Les acquisitions de la BnF
Livres rares - Le Livre des passe-temps
  En 2005, la BnF a bénéficié pour la première fois de la loi du 1er août 2003, relative au mécénat et des avantages fiscaux qu'elle étend aux entreprises, lorsque ces dernières aident l'État à acquérir des trésors nationaux conservés en France ou lui permettent de faire revenir de l'étranger des biens culturels d'intérêt majeur. En déduisant de son bénéfice imposable 90% de la valeur du Livre des passe-temps, Alain Aubry, président-directeur général du Club français du livre, a manifesté concrètement et fort judicieusement l'intérêt qu'il porte, de longue date, aux collections de la BnF et le soutien généreux qu'il leur accorde.
 
Le Livre des passe-temps. Cet ouvrage de divination, par le jet de deux dés, propose vingt questions sur l'avenir réparties autour d'une roue de la Fortune portant quatre hommes, reliés à vingt rois, eux-mêmes associés à des planètes et signes astrologiques; une table des tirages des dés mène aux sentences énumérées par vingt prophètes, offrant chacun cinquante-six réponses de trois vers. Ce dispositif complexe, reposant sur une iconographie originale et abondante, connut un vif succès de la fin du XVe siècle au début du XVIIe siècle, avec des éditions en italien, en français ou en anglais. Bon nombre d'entre elles ont dû disparaître sans trace, comme il est normal pour un genre populaire, plaisant au public mais méprisé des savants.

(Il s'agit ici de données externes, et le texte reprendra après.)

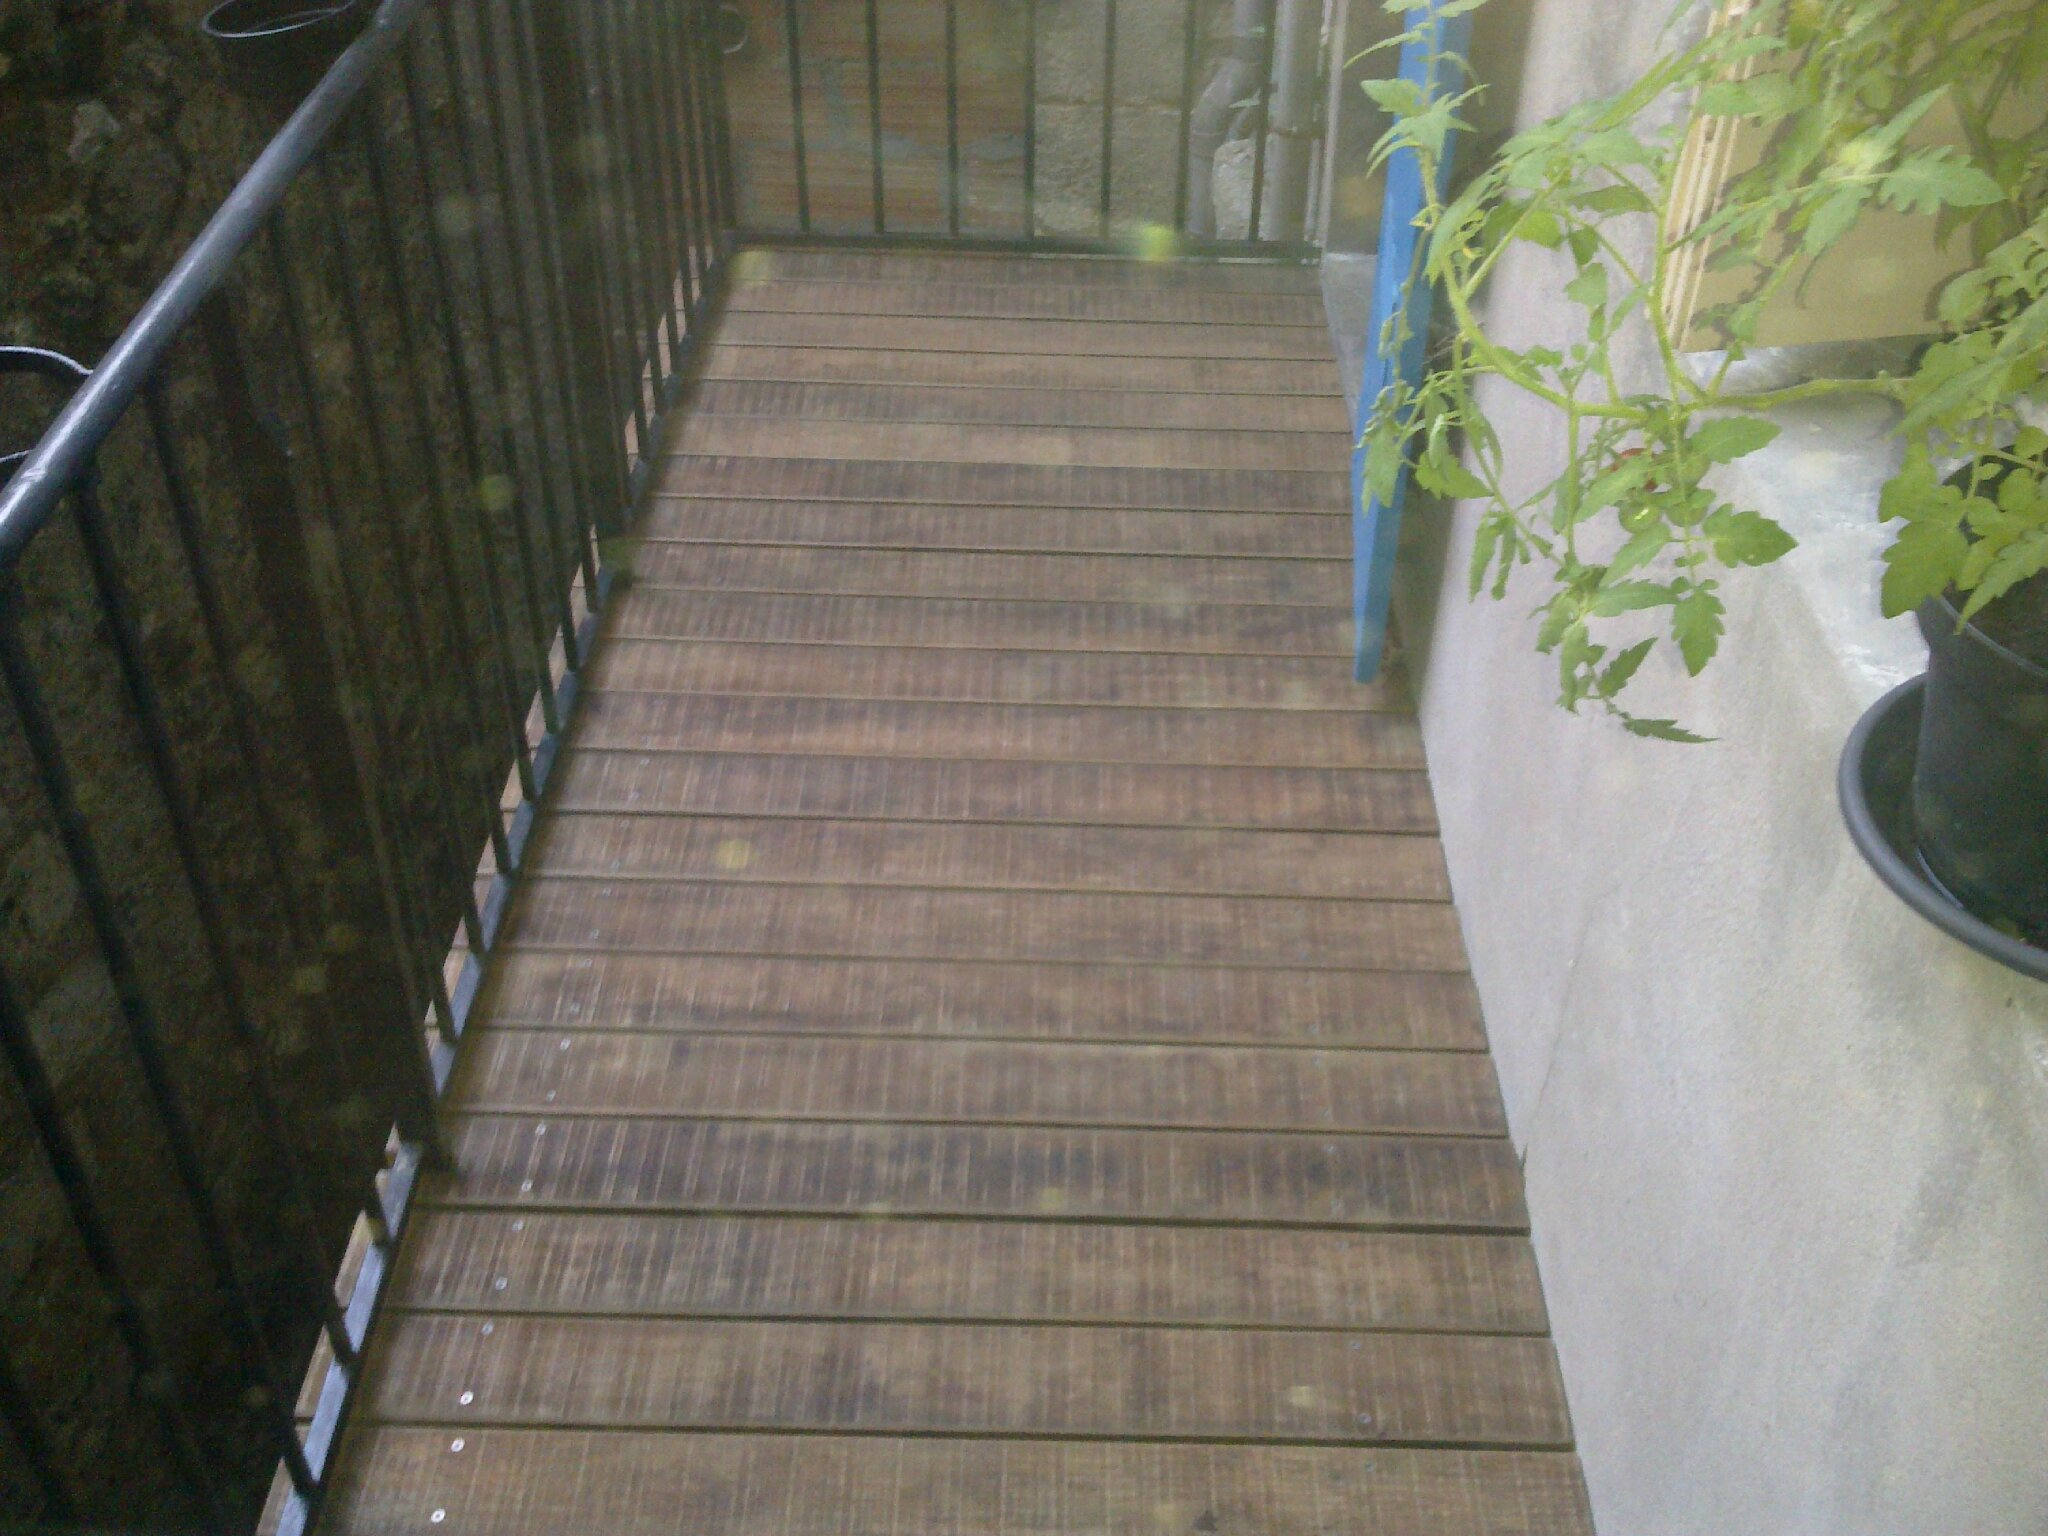 terrasse balcon bordeaux 5m2 album photos frederic emont terrasse. Black Bedroom Furniture Sets. Home Design Ideas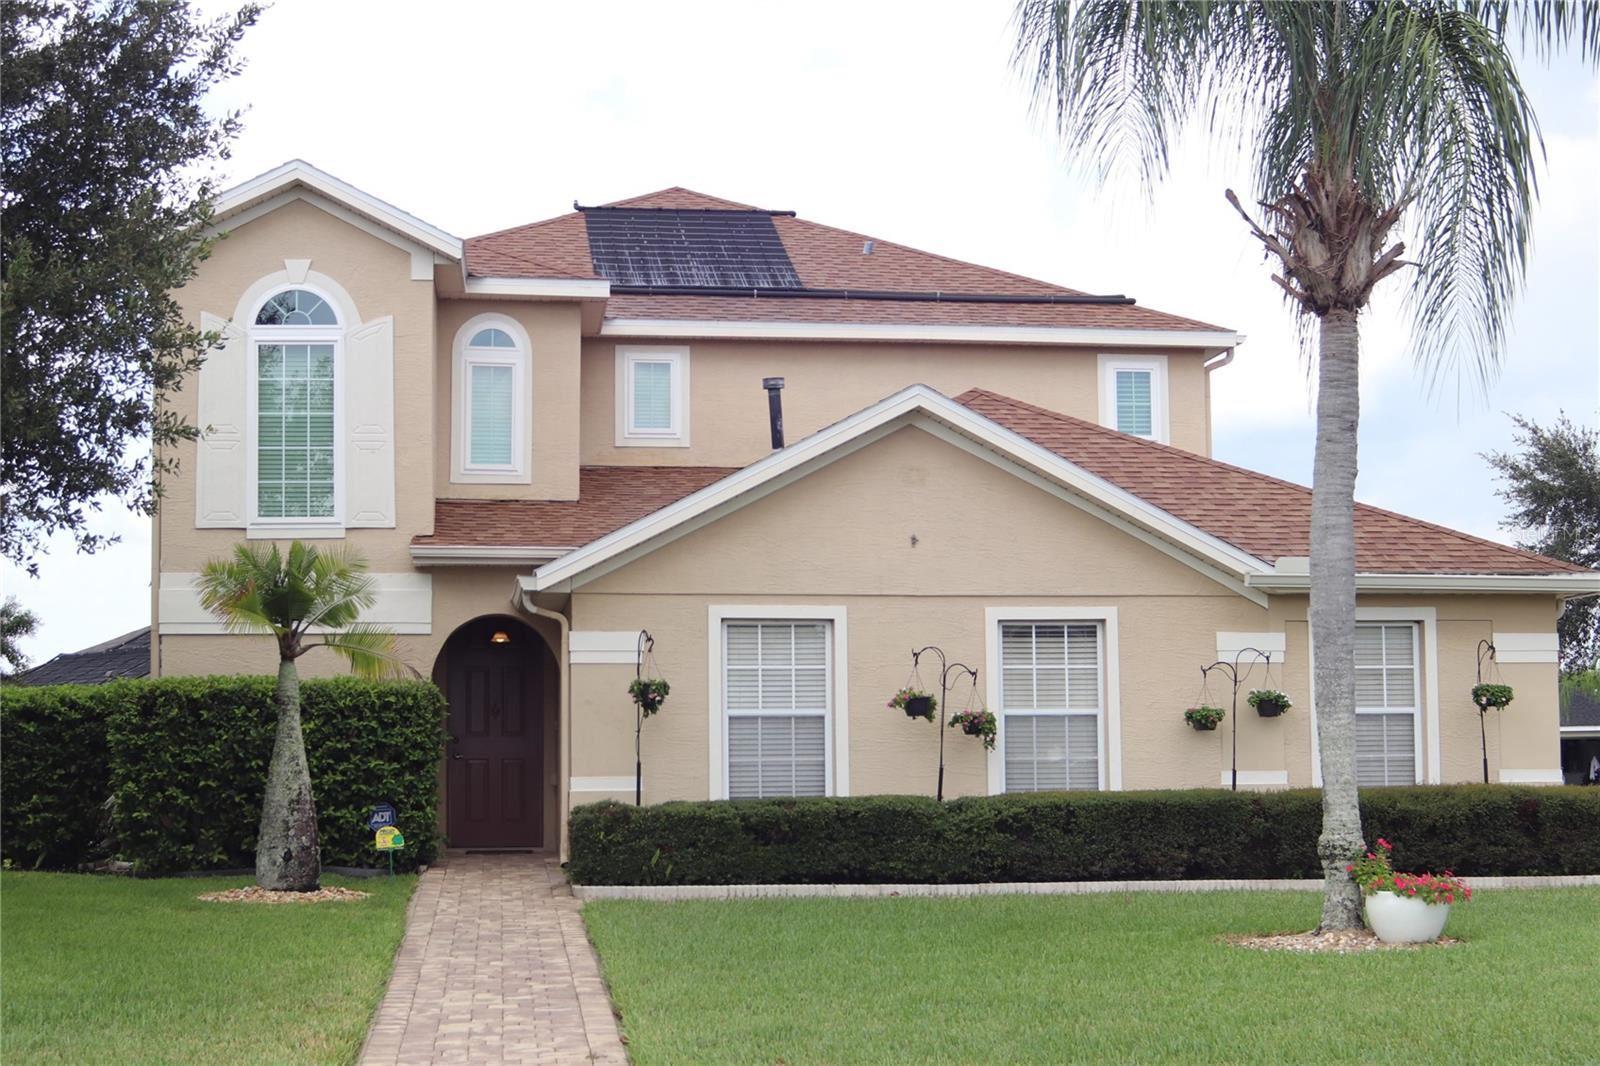 300 BOUGIVAL COURT, Orlando, FL 32828 - #: P4917278

L'exemplaire, seul connu d'une édition de la traduction française du Libro delle sorti de Lorenzo Gualtieri, dit "Lorenzo Spirito" (vers 1425-1496), pose de passionnants problèmes bibliographiques.
Cinq éditions incunables en italien sont connues, publiées de 1482 à 1500. En français, deux éditions réputées incunables existent en un seul exemplaire: celle-ci et une autre, conservée à la Bibliothèque nationale autrichienne de Vienne.Toutes deux comportent les bois gravés venant d'une édition italienne imprimée à Brescia en 1490 par Bonino de' Bonini, mais plus usés – dont la roue de Fortune aux phylactères retaillés pour accueillir les légendes en français. Elles ont été attribuées tour à tour à Lyon, Genève,Venise ou l'Italie du Nord, entre 1490 et 1500.
Le lieu d'impression pose question. L'édition emploie trois caractères gothiques différents, dont deux fréquents en Italie du Nord, mais le troisième – un petit corps avec deux formes de M – orientant plutôt vers Lyon au tournant du siècle. Les filigranes des papiers (balance, tête de boeuf surmontée d'une rose, chapeau de cardinal) sont fréquents surtout en Italie du Nord. La traduction est due à Anthitus Faure, poète italianisant, chapelain des ducs de Bourgogne puis, vers 1499, au service de l'évêque de Lausanne et du duc de Savoie, auteur d'une autre traduction : Les deux vrays amans de PieII, imprimée à Lyon vers 1494-1497. Ce que l'on connaît de lui peut expliquer les italianismes du texte.
La carrière de l'imprimeur itinérant Bonino de' Bonini (ou Dobrisa Dobricevic, un Dalmate de Raguse) serait à réexaminer. On le rencontre d'abord à Venise en 1478-1479, puis à Vérone en 1481-1483. De 1483 à 1491, il devient le plus prolifique imprimeur de Brescia, avec des éditions d'auteurs antiques ou médiévaux, quelques ouvrages liturgiques et des publications éphémères dont le Libro delle sorti. Il s'installe ensuite, avec des éclipses – on l'aurait signalé à Milan –, de l'autre côté des Alpes, à Lyon, où il abandonne le métier d'imprimeur, tout en poursuivant une profitable carrière de libraire et sans doute d'espion jusqu'en 1503, date probable de son décès. A-t-il transporté ses bois, ou les a-t-il vendus lors d'une de ses étapes?
Quoi qu'il en soit, ce livre, apparu en 1837 à Londres, puis en 1847 à Paris lors d'une des ventes Libri, relié ensuite par Chambolle-Duru, appartint en 1910 au collectionneur Charles Fairfax Murray puis à Charles Gillet, industriel lyonnais établi à Lausanne, avant d'intégrer en 1959 la fondation Otto Schäfer à Schweinfurt. Les heureuses dispositions de la loi sur le mécénat d'entreprise ont permis à cet étonnant témoignage de rejoindre, en 2005, un abri définitif à la BnF.